Rabu, 15 Agustus 2018

CerBer GeJe-latihan nulis

Matahari terasa terik saat bayangan yang dibentuknya hanya tinggal beberapa centi meter saja dari benda yang diteranginya, Udara terasa panas, sedangkan angin yang diharapkan dapat mengusir hawa panas tak kunjung berhembus. Juna duduk termenung di bawah naungan satu-satunya pohon klengkeng di sepanjang jalan itu sambil matanya menerawang jauh ke balik awan putih yang bergumpal-gumpal seperti kapas di langit biru yang cerah.

Suara musik dangdut sayup terdengar dari balik tembok rumah berwarna kuning yang berpagarkan jeruji besi mirip penjara yang tinggi. Tak jauh dari tempat Si Juna duduk. Beberapa lelaki paruh baya sedang asyik berbincang sambil mereguk kopi panas yang terhidang di atas meja bambu yang sudah reyot. Seorang gadis muda dengan perut yang sedang hamil besar membawakan sepiring camilan dan ramah menawarkan suguhannya. Sesekali tangan mereka sibuk antara mengambil gorengan bakwan dan mengantarkan sebatang rokok murah ke mulut mereka. Asap rokok mereka seperti kabut di pegunungan saat pagi hari... Aih itu sebuah perumpamaan yang terlalu mewah. Asap rokok yang mengepul dari hidung dan mulut mereka seperti polusi yang keluar dari cerobong asap pabrik-pabrik atau knalpot mobil Isuzu Panther yang ngga lolos uji emisi. Asap haram yang cukup membuat nafas seseorang mendadak bengekan dan cukup untuk membunuh sebuah janin dalam perut ibunya yang turut menghirup udara kotor itu.

Terkadang tawa mereka memecah di antara gerung motor ojek online yang hampir beberapa menit sekali lewat di jalan itu. "Eh hari apa ini, kok mereka ngga melakukan aktifitas lain?", Si Juna bergumam seakan bertanya pada dirinya sendiri.

Para lelaki paruh baya yang berkumpul itu hampir semuanya pengangguran. Mereka adalah mantan karyawan sebuah perusahaan BUMN yang besar di kota sebelah yang beberapa tahun lalu mengalami kebangkrutan. Perusahaan yang dulu bonafid itu berhasil merumahkan hampir separuh lebih dari karyawannya.
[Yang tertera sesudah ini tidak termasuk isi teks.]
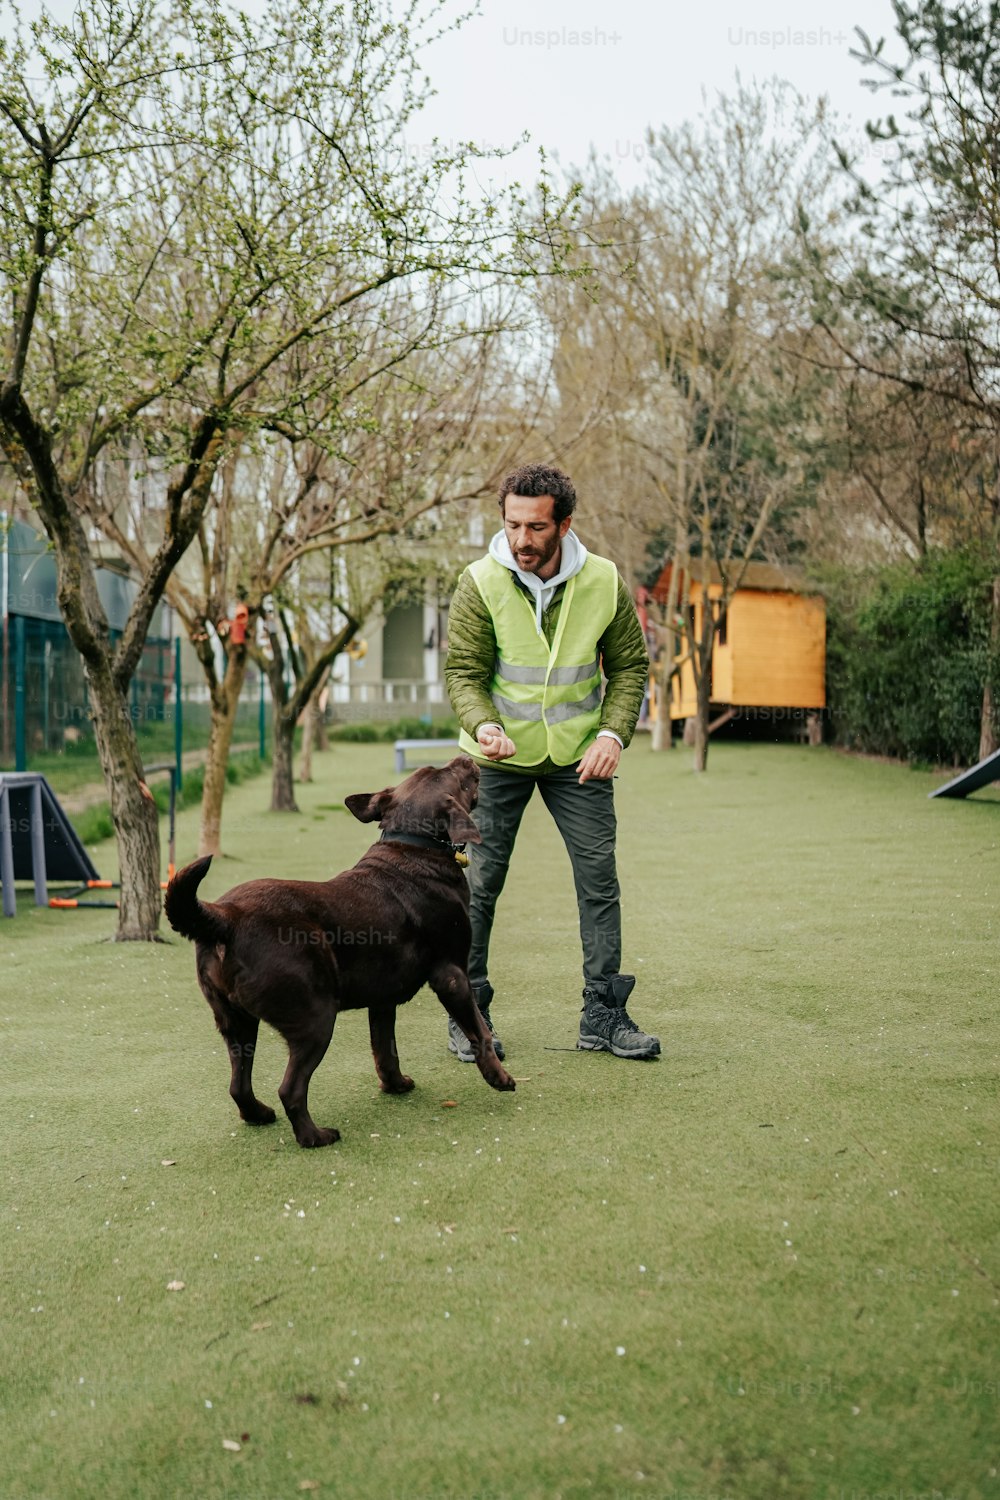 Un hombre jugando con un perro en un parque

Dan berperan serta secara aktif dalam memiskinkan masyarakat sekitarnya.

"Heh Juna, ngapain nongkrong disitu sendirian?", sebuah suara yang datang dari sebrang.
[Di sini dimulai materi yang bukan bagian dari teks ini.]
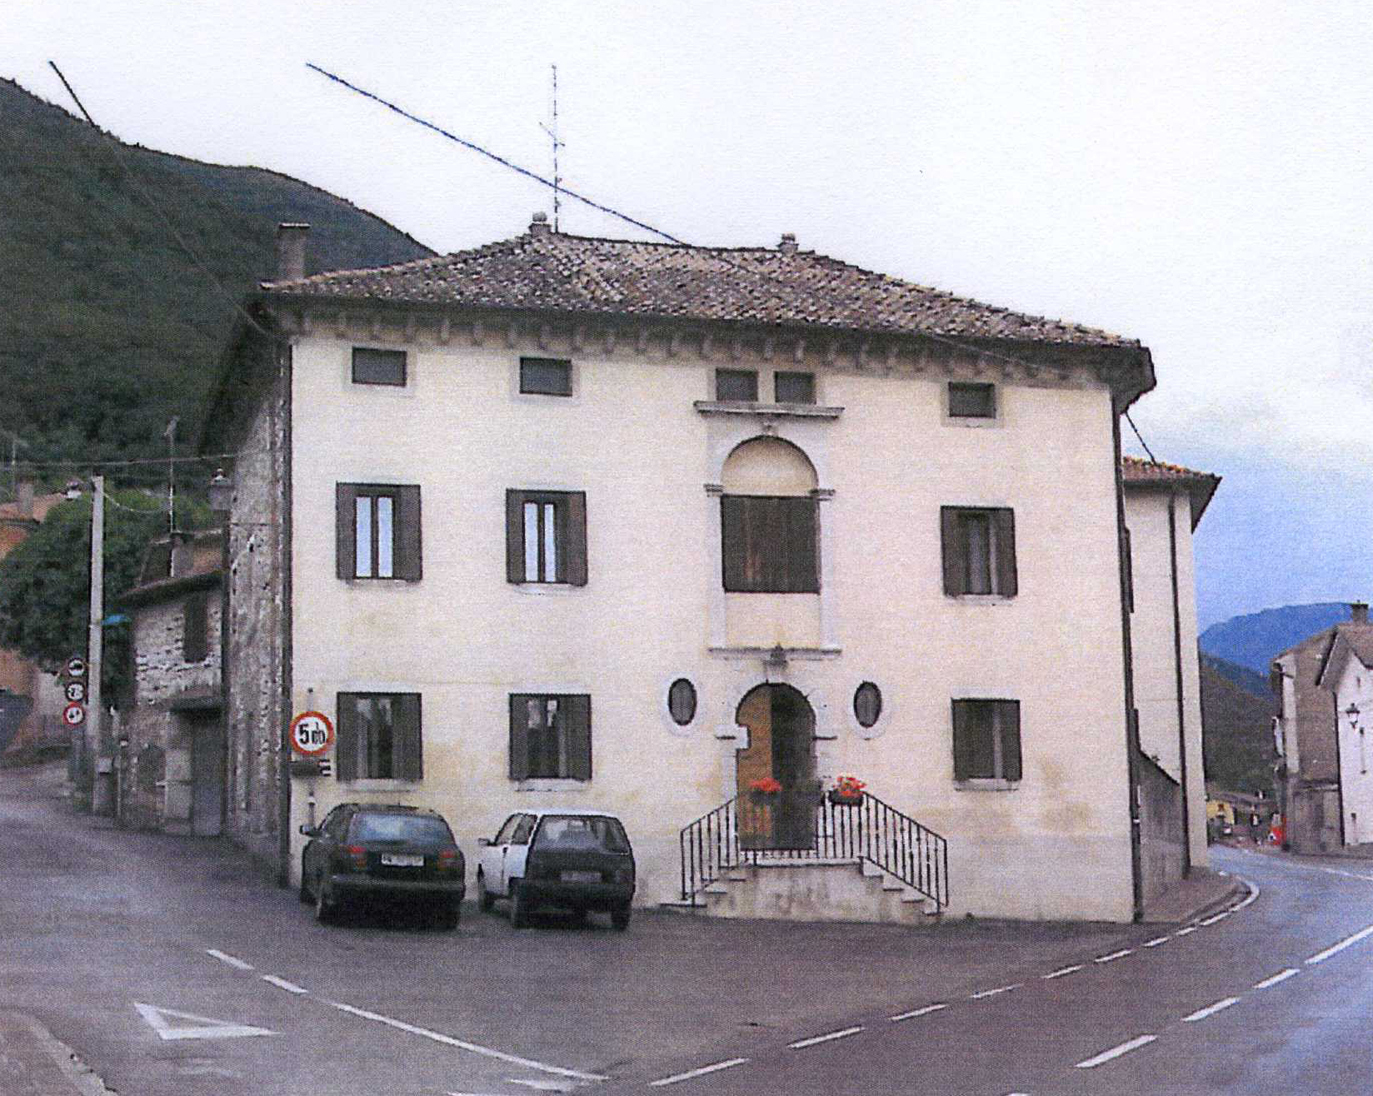 Casa Canonica di Lago (canonica) - Revine Lago (TV)  (XVIII)

Juna menoleh ke arah sumber suara itu  Dilihatnya seorang kakek berjalan dengan tongkat dikempit di kedua ketiaknya. Berjalan perlahan menuju arah berlawanan Juna berdiri dan beranjak dari tempat duduknya. Dia ingat sebentar lagi adzan Dhuhur  Tanpa menunggu lama, Juna mengikuti langkah kakek itu menuju masjid di ujung jalan.
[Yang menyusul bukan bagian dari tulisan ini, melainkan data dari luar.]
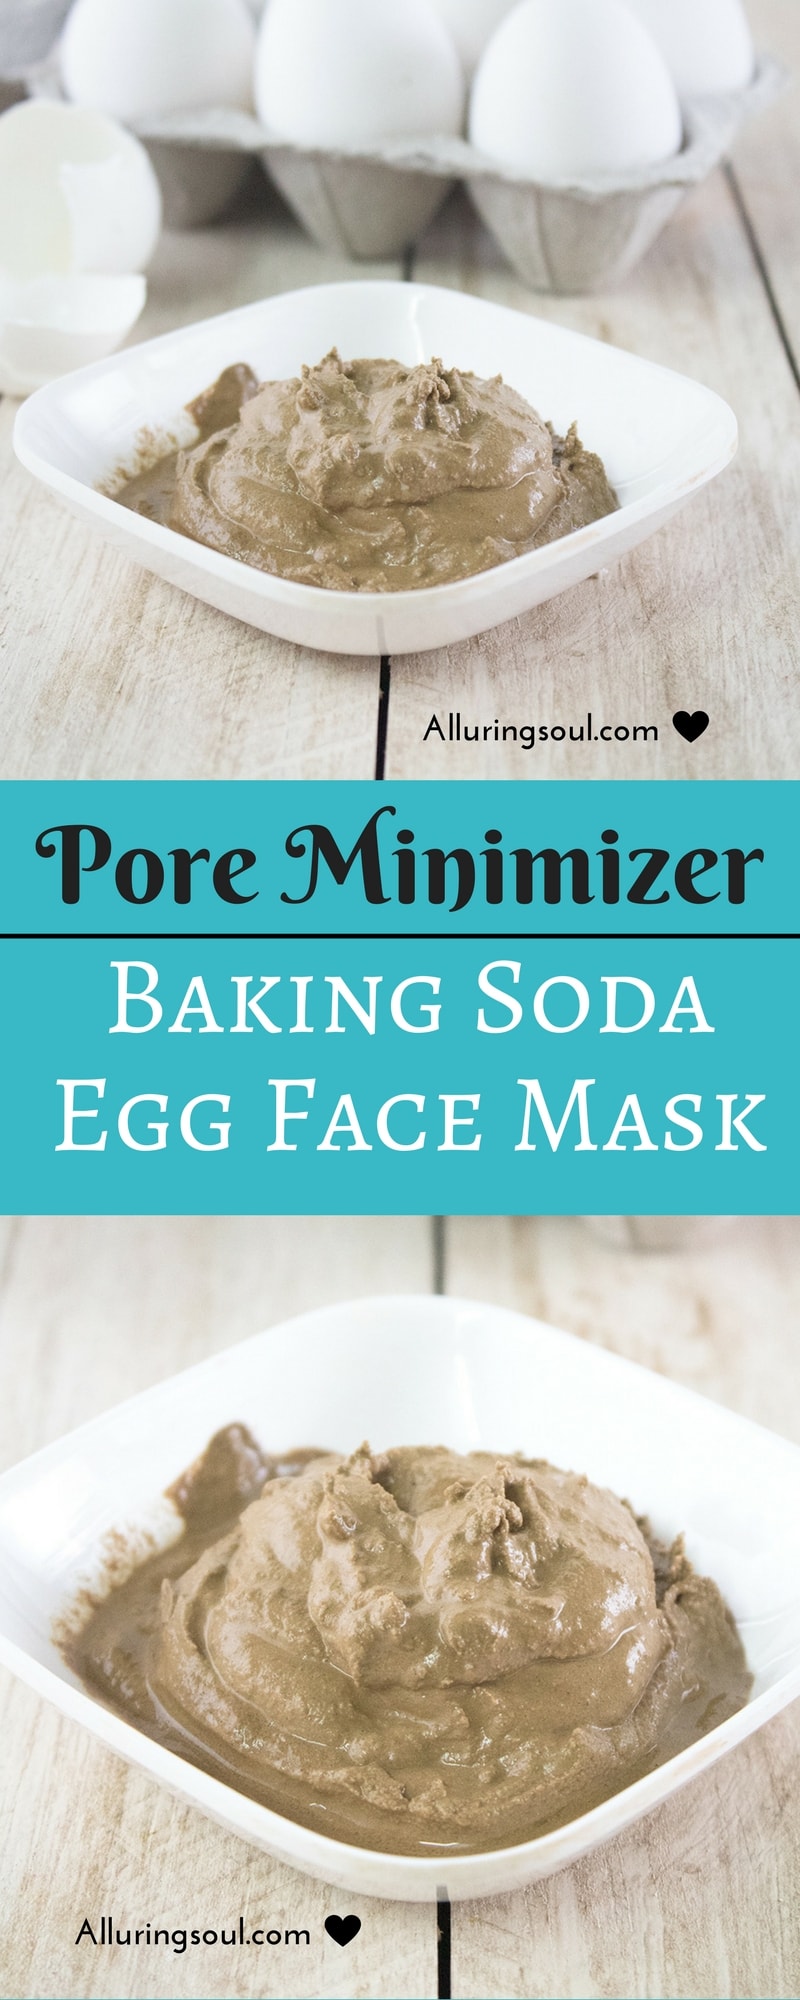 pore minimizer egg face mask

"Istighfar dan taubat... salah satu kunci dari kunci rezki Allah..", Seakan kakek itu tau apa yang mengganggu pikiran Juna.

Pikiran Juna terlempar kembali pada peristiwa beberapa hari lalu, saat dia menerima sepucuk pesan singkat dari perusahaan yang sempat memberikan kesempatan interview padanya. Isinya memohon maaf karena Juna belum masuk kriteria yang diinginkan perusahaan. Sopan sekali memberitahu, biasanya perusahaan lain tak mengabarkan apapun Membuat Juna menunggu panggilan kerja, penuh harap.

Di tahun ke 4 ini dia menganggur Juna mulai kehilangan rasa percaya diri Akankah dia dapat membawa kebahagiaan pada keluarganya yang hidup pas-pasan? Dia ingin istrinya yang sakit-sakitan berhenti bekerja, menjahit pesanan baju-baju orang yang membuat kondisi kesehatannya semakin memburuk.

Seusai shalat, Juna terdiam ditempatnya, duduk bersila dengan kepala tertunduk.Namun seluruh jiwanya seakan terbang menembus lapisan awan Juna mencari Allah Sang Maha Perkasa, pemilik Dunia dan seisinya Juna sibuk meminta... Jalan keluar yang teerbaik atas segala permasalahannya.

"Yaa Rabb... ampunilah aku. Astaghfirullaah wa atuubu ilayhi.."

Bulir bening pun keluar dari pelupuk matanya dan membasahi janggutnya yang tebal.